__WHAT YOU SHOULD DO__. Please give back the lines from the line containing "AGÊNCIA NACIONAL DE" through the end of the listing below, exactly as written and without pictures.

__THE DATA__.
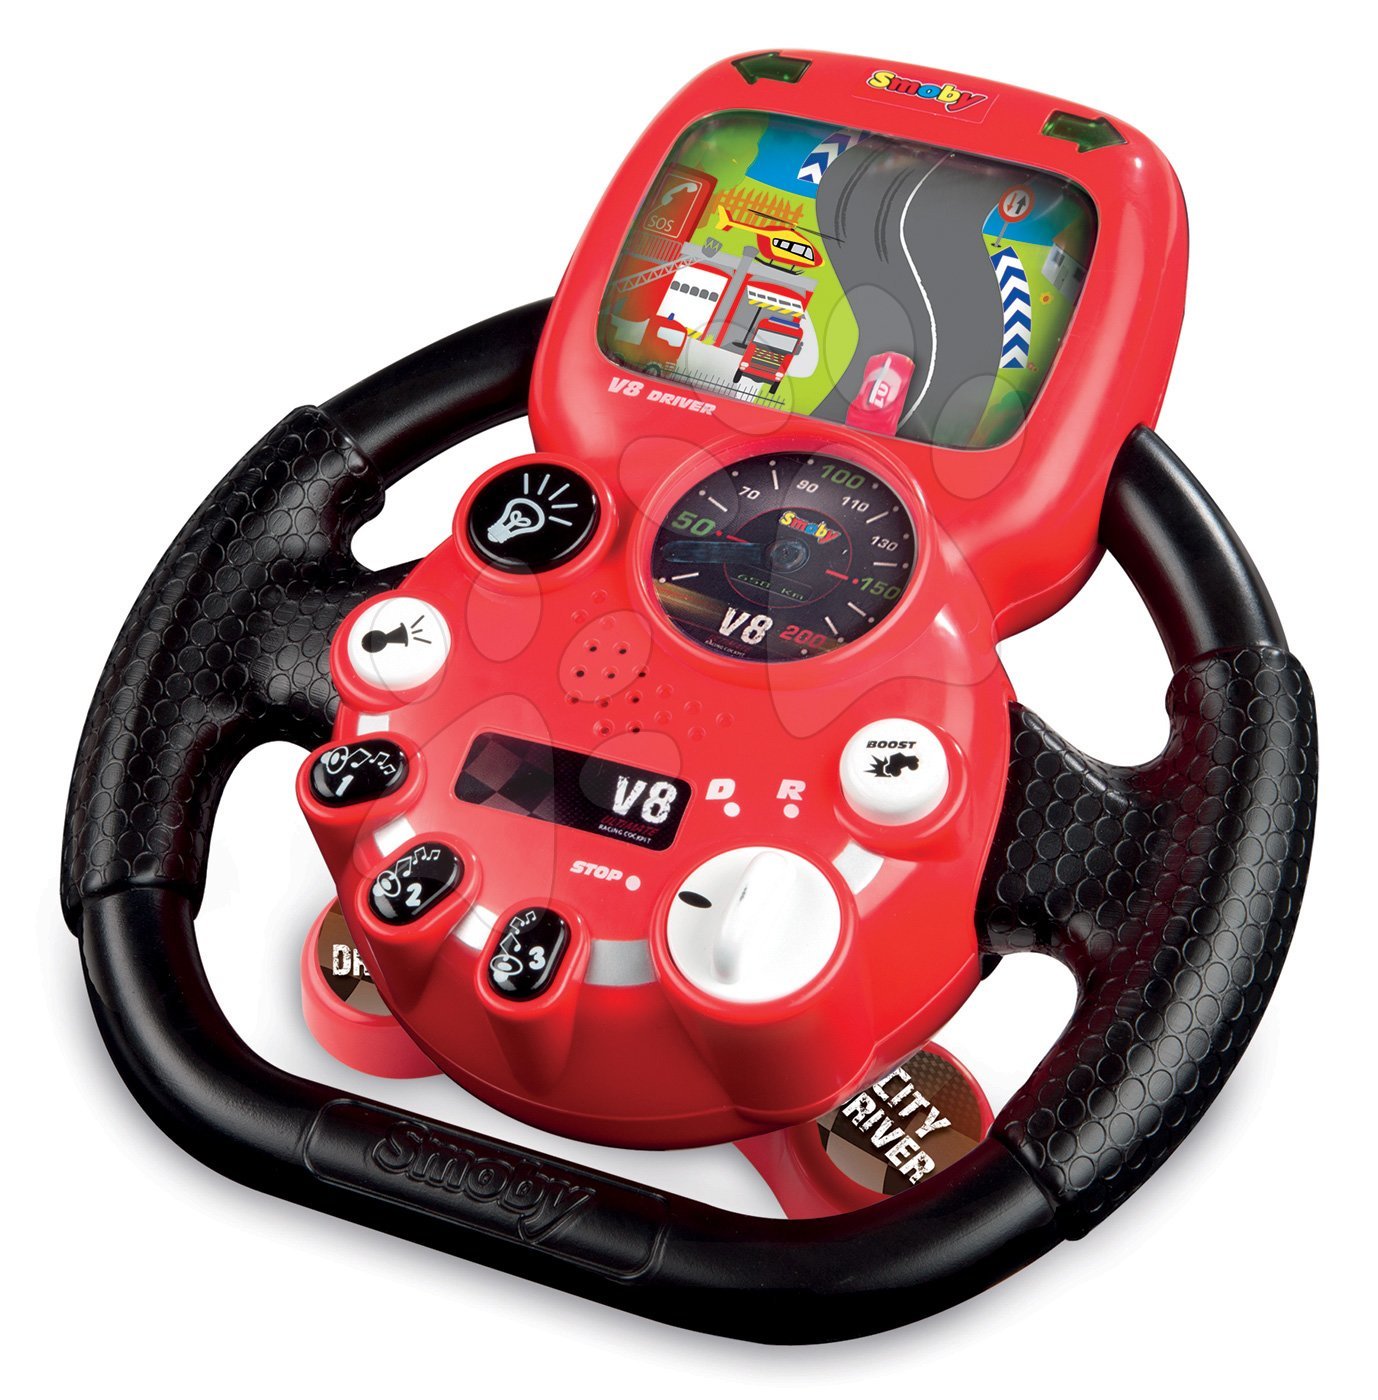 Пульт для детской машины. Игровой руль Remote Control. Руль для детей. Руль игрушечный для малышей. Игрушка руль с педалями.
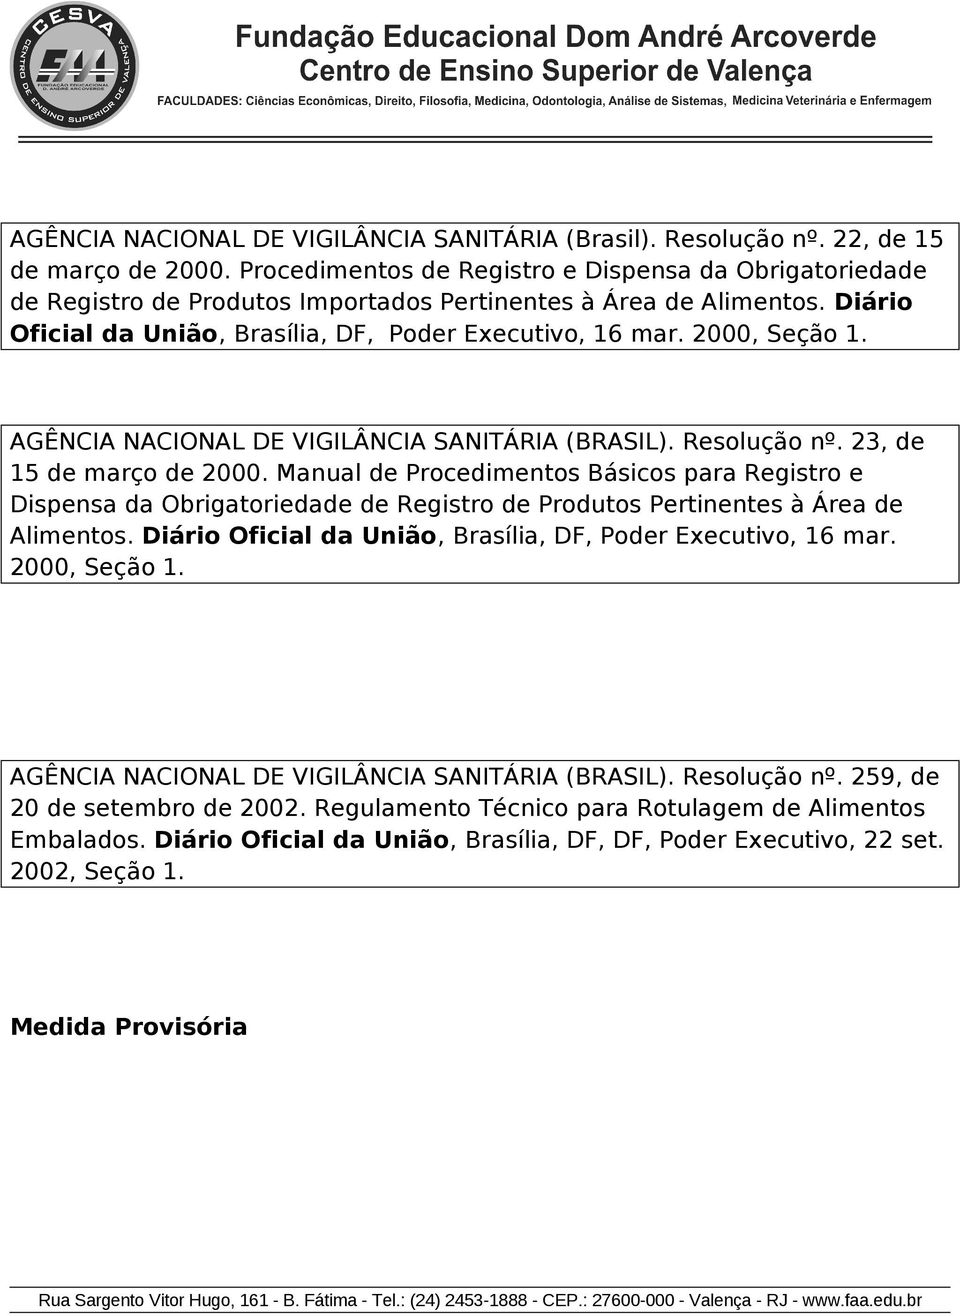 AGÊNCIA NACIONAL DE VIGILÂNCIA SANITÁRIA (BRASIL). Resluçã nº. 23, de 15 de març de 2000.
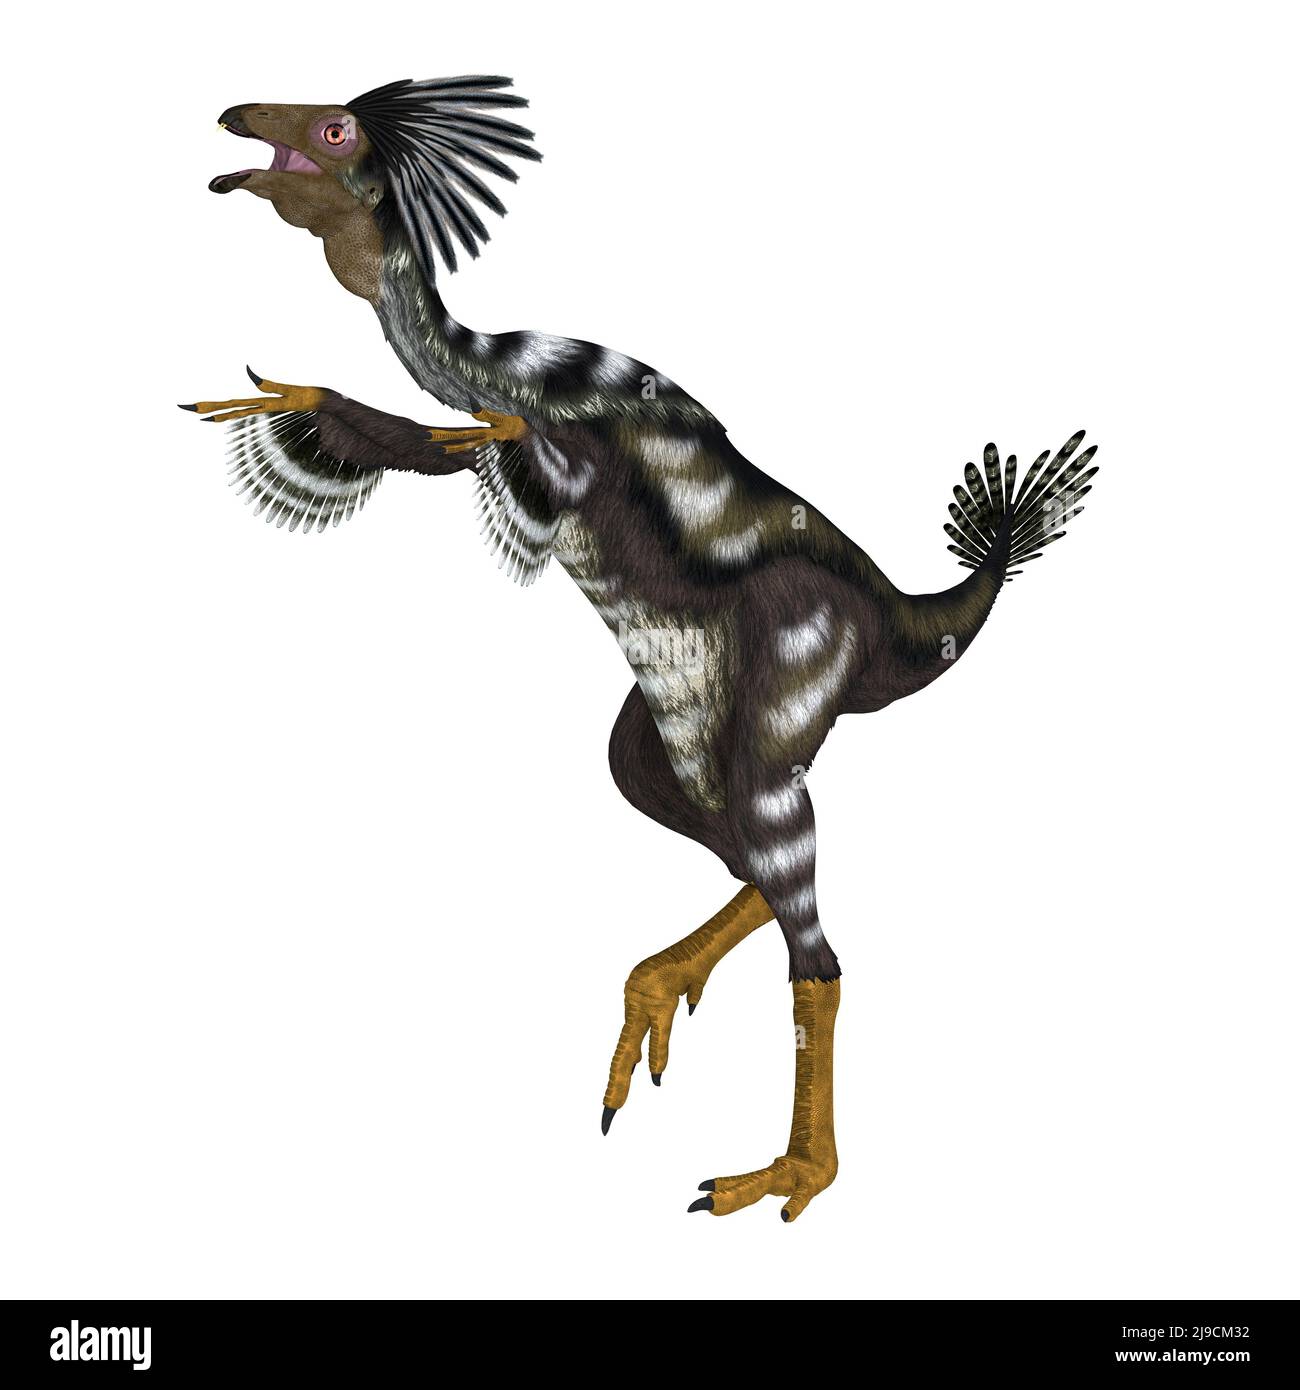 Caudipteryx fue un ave depredadora carnívora que vivió en China durante el período Cretácico. Foto de stock

__WRITTEN RESPONSE__.
 AGÊNCIA NACIONAL DE VIGILÂNCIA SANITÁRIA (BRASIL). Resluçã nº. 23, de 15 de març de 2000.
 Caudipteryx fue un ave depredadora carnívora que vivió en China durante el período Cretácico. Foto de stock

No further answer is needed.